1.     The Nash equilibrium would not benefit anyone because if both of us say we are not at fault then it would be bad on both our parts

2.     If she took total blame, she might have not continued (or potentially fired)

3.     If I took the blame the family might have not trusted me, and they discontinued lessons at our facility.

4.     If we both took responsibility, we both would receive some repercussions, but it was a learning opportunity for her, and I would keep a better eye on the new-hires. 


I would say that having my reputation tainted played a role on my decision making. In almost all 4 circumstances, I was going to lower my reputation whether it was with the family, the new-hire, or my boss, but since it was the first time something like this has happened in one of my classes, I was willing to take some responsibility because it seemed like the more mature thing to do. All in all, opportunism presents itself in many ways, but deciding what you do with it can determine your future and where you stand with a company, coworkers, and customers.

Comments

  1. This is an odd post.
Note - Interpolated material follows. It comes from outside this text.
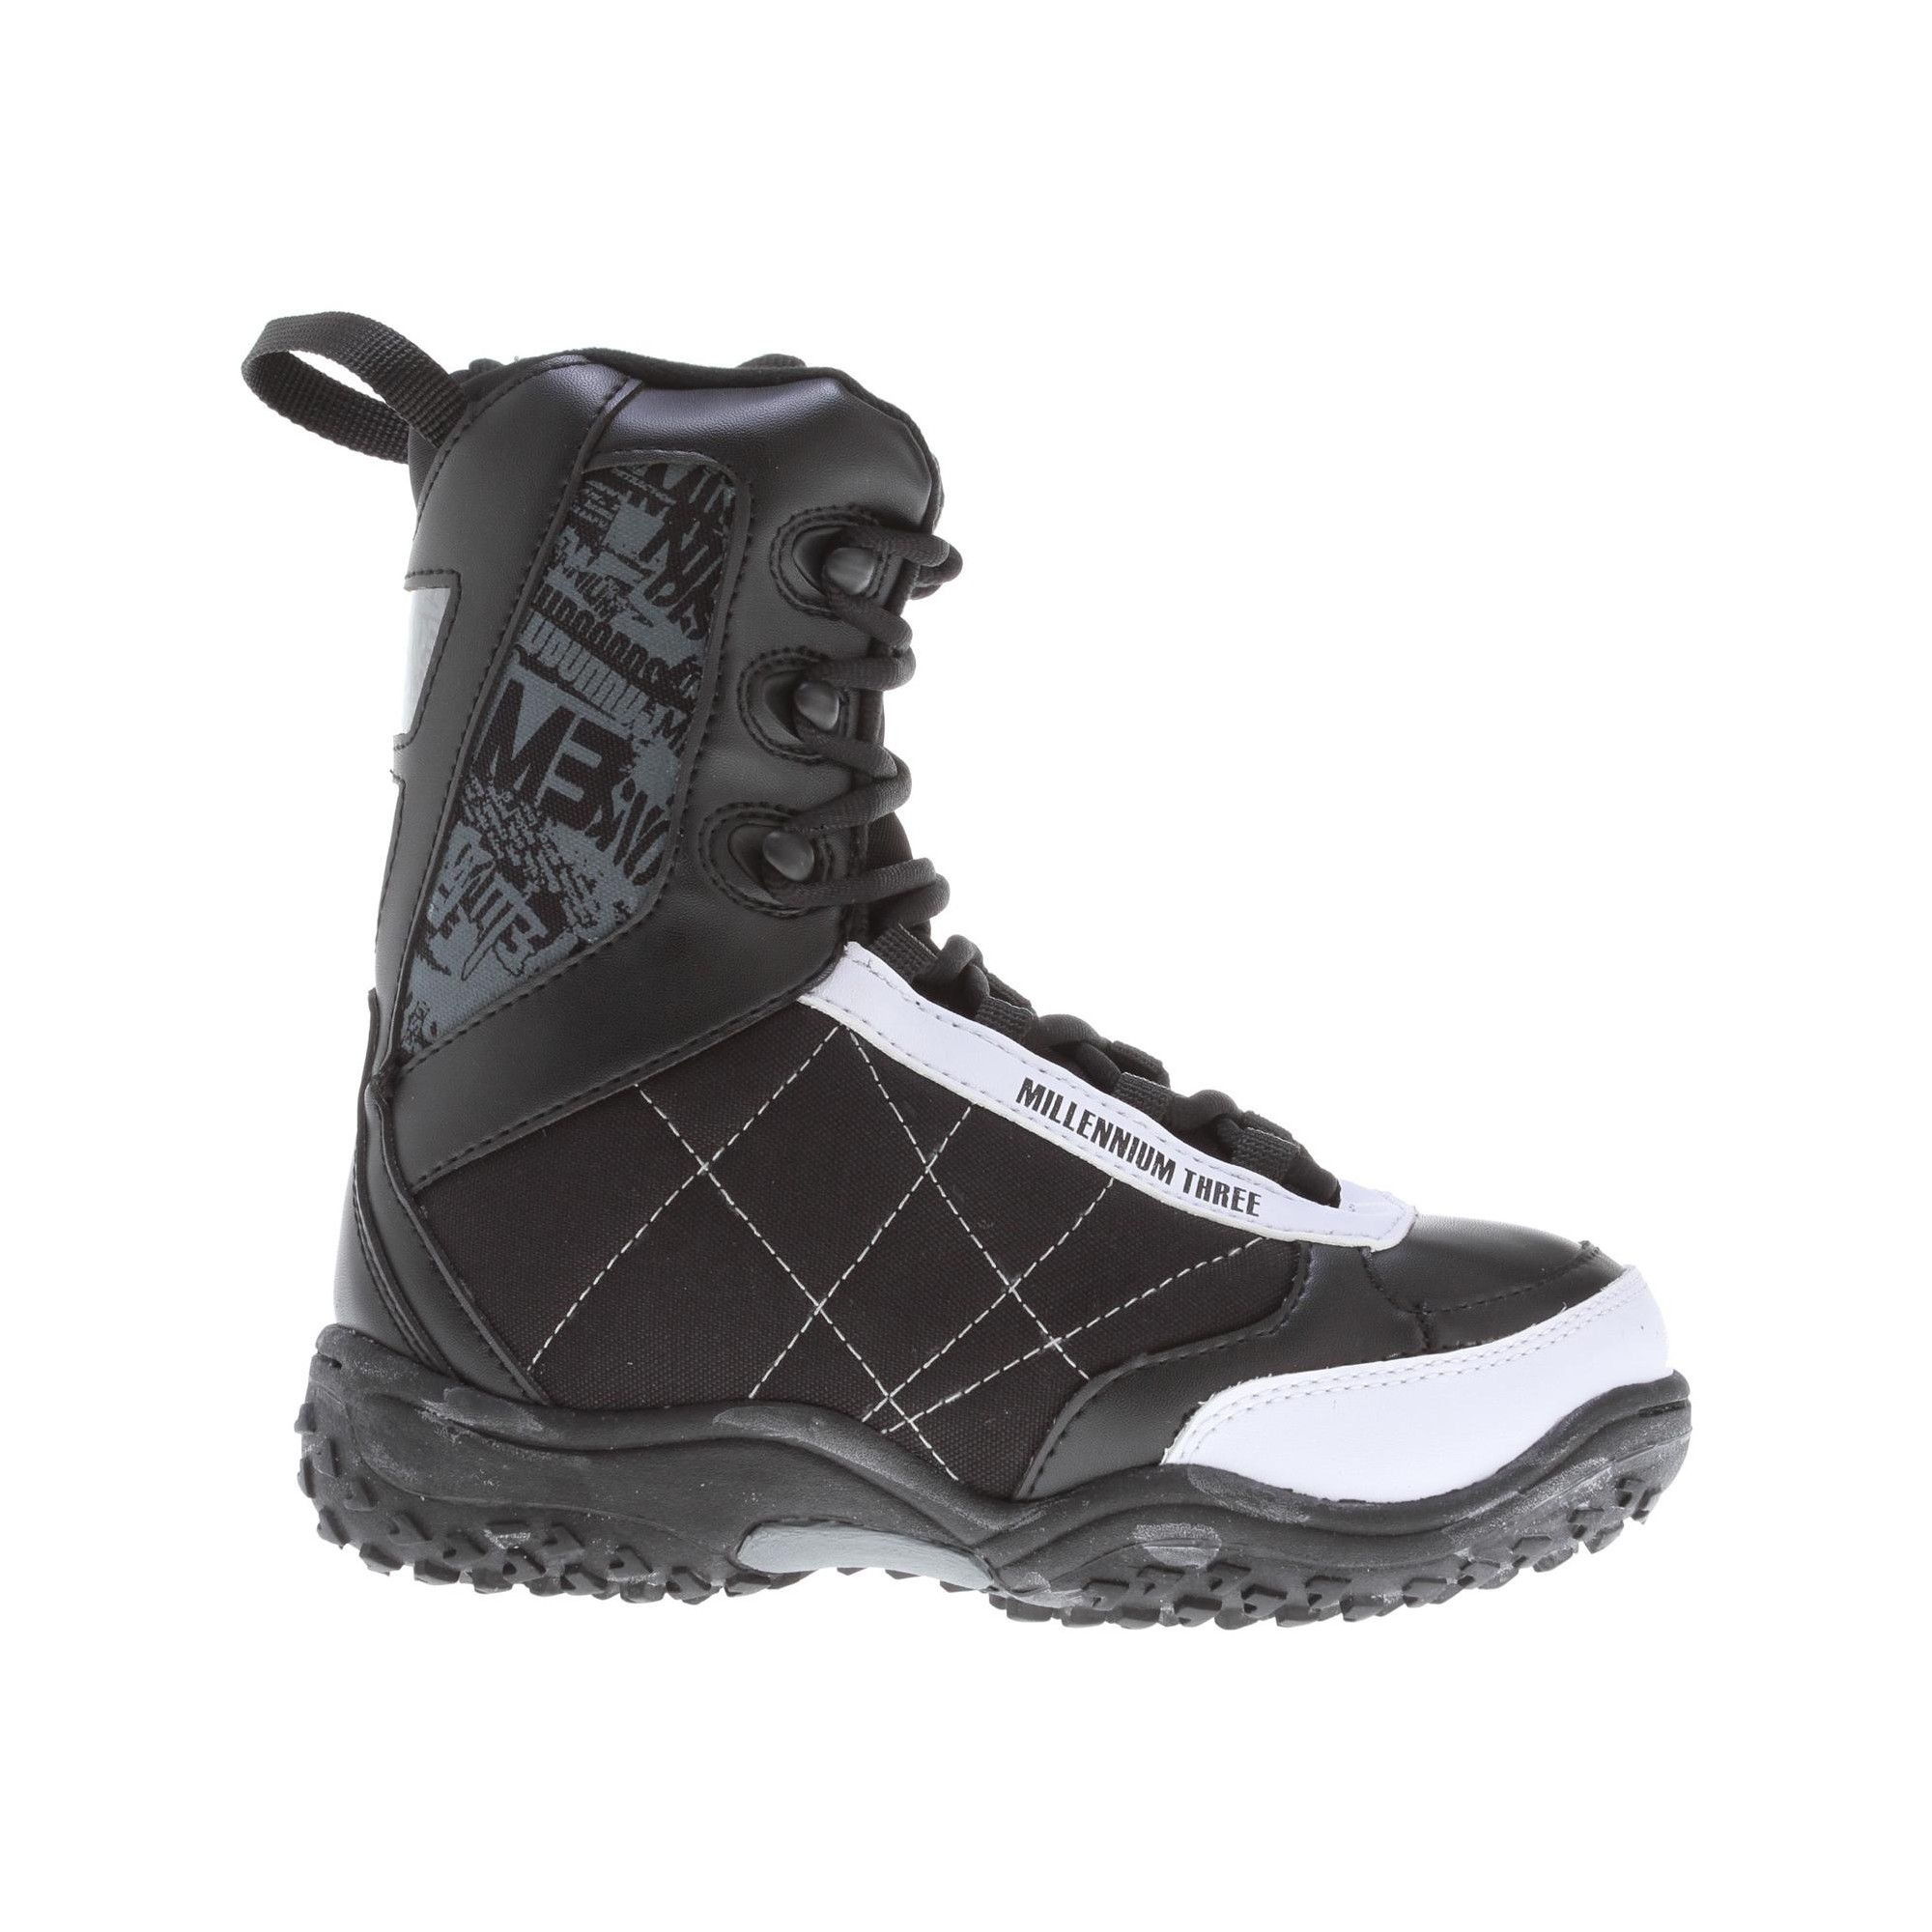 f80780c12c2c M3 Militia Jr. Snowboard Boots Black White Kids Sz 3

I did not see how the introductory paragraph about planning your future tied into the rest of the post at all, specifically the point about wanting to become an anesthesiologist, but also the wedding stuff as well.

    Then you chose to use the Prisoner's Dilemma game as a way to consider opportunism. Indeed we will look at that game in some depth in the next Excel homework, but do note that the way the game is presented is symmetric. Yet the situation with the person you were training was asymmetric. You had more experience. So is it appropriate for considering your situation?
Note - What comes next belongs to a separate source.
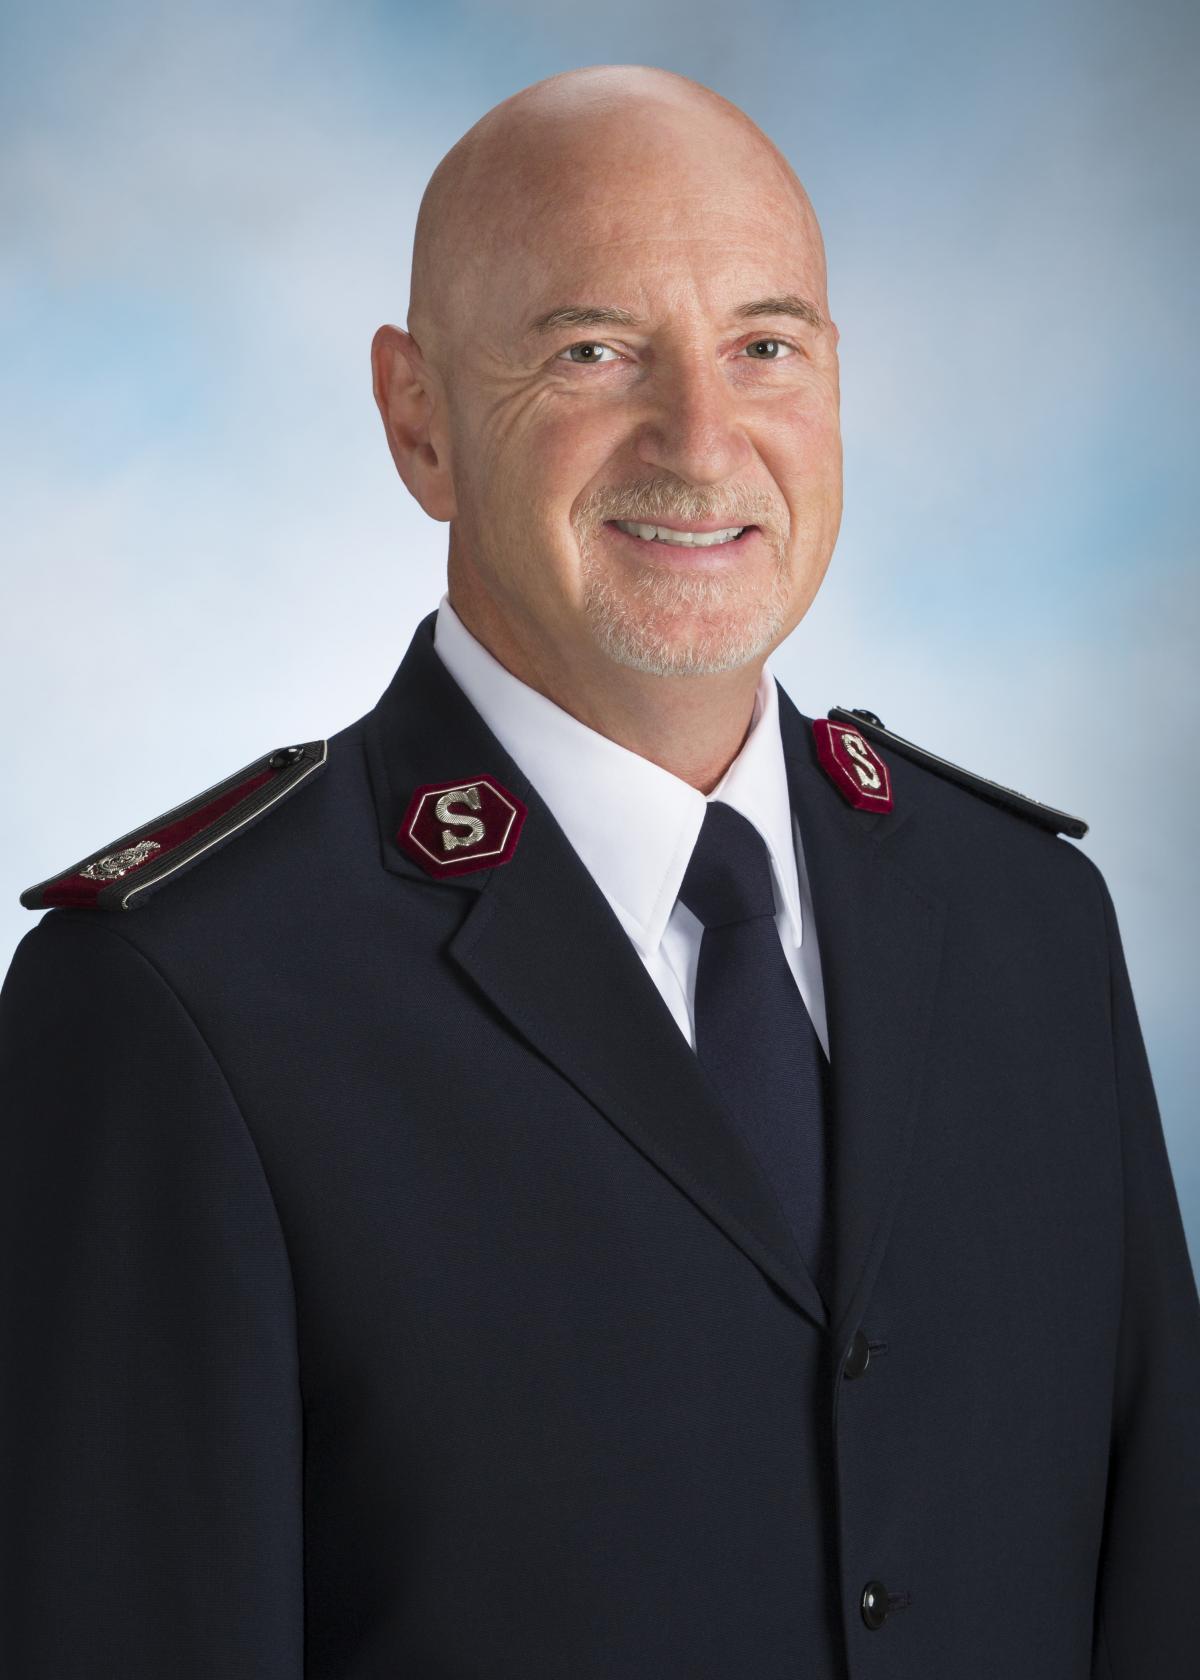 Kommissär Brad Bailey, Territorialleiter, Territorium USA Mitte / Commissaire Brad Bailey, Commandant territorial, USA Centre.

    Rather than the game theoretic analysis which you used, I'd rather have had more background information about the job. Did this happen early in the summer, where there was still a lot of the summer left for your to work at the job? Or was it near the end of the summer? The 30 hours part that you included didn't help me to understand that. I have no sense of how many hours a day this work is. Nor do I know how old the trainee was at the time. Was she in high school or also a college student?
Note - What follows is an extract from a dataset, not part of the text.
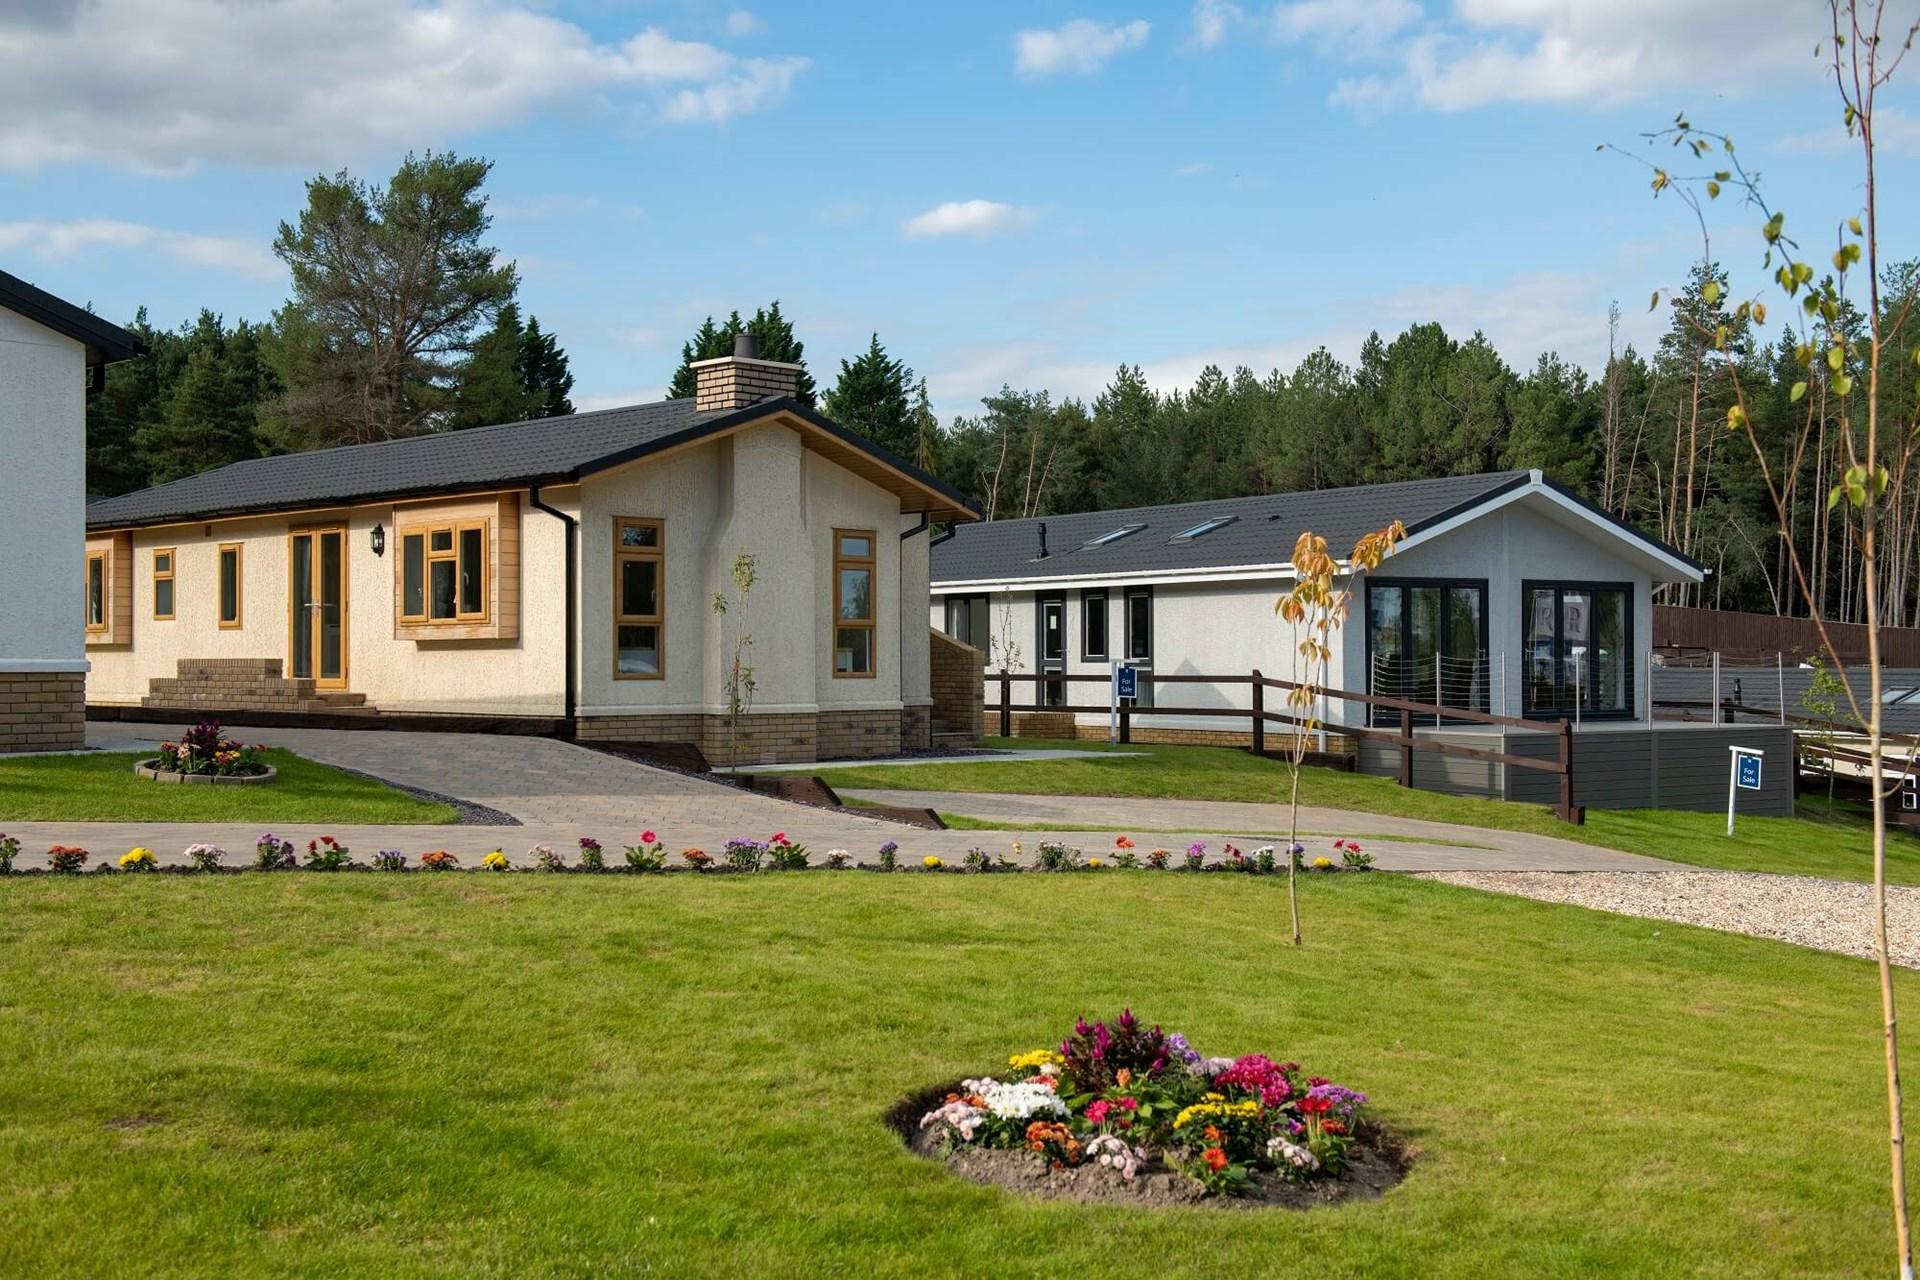 Royale life bungalows

    In other words, you made a judgment call that went bad. Sometimes that happens, but did you exercise reasonable judgment in the first place? And if you lost the job as a consequence, would that have been a big deal or not?

    Now let me write this paragraph as if I were your boss at the swim company. What I want to know is whether I can trust you moving forward after this incident. What would be the implied behavior for you in supervising the trainee or in making any other decision. And with that, I think it important to understand what my prior view of you is before this incident. Did I have confidence in your judgment before this incident? I would want to know what you say you learned from the experience. That would be important to hear. But then there is dealing with the parents of this child and perhaps of the other children as well. Ultimately, I'd have to base my decision on making sure they were comfortable with it.

    Now I'm switching back to being Professor Arvan. It seems to me you wanted to use game theory to analyze here but doing so meant you left out some important contextual information that you should have included. There definitely was a question of opportunism after this unfortunate event, regarding the matter of accepting blame or not. But your desire to use game theory in this case actually limited your ability to tell a good story.

    What did happen? Did you keep your job?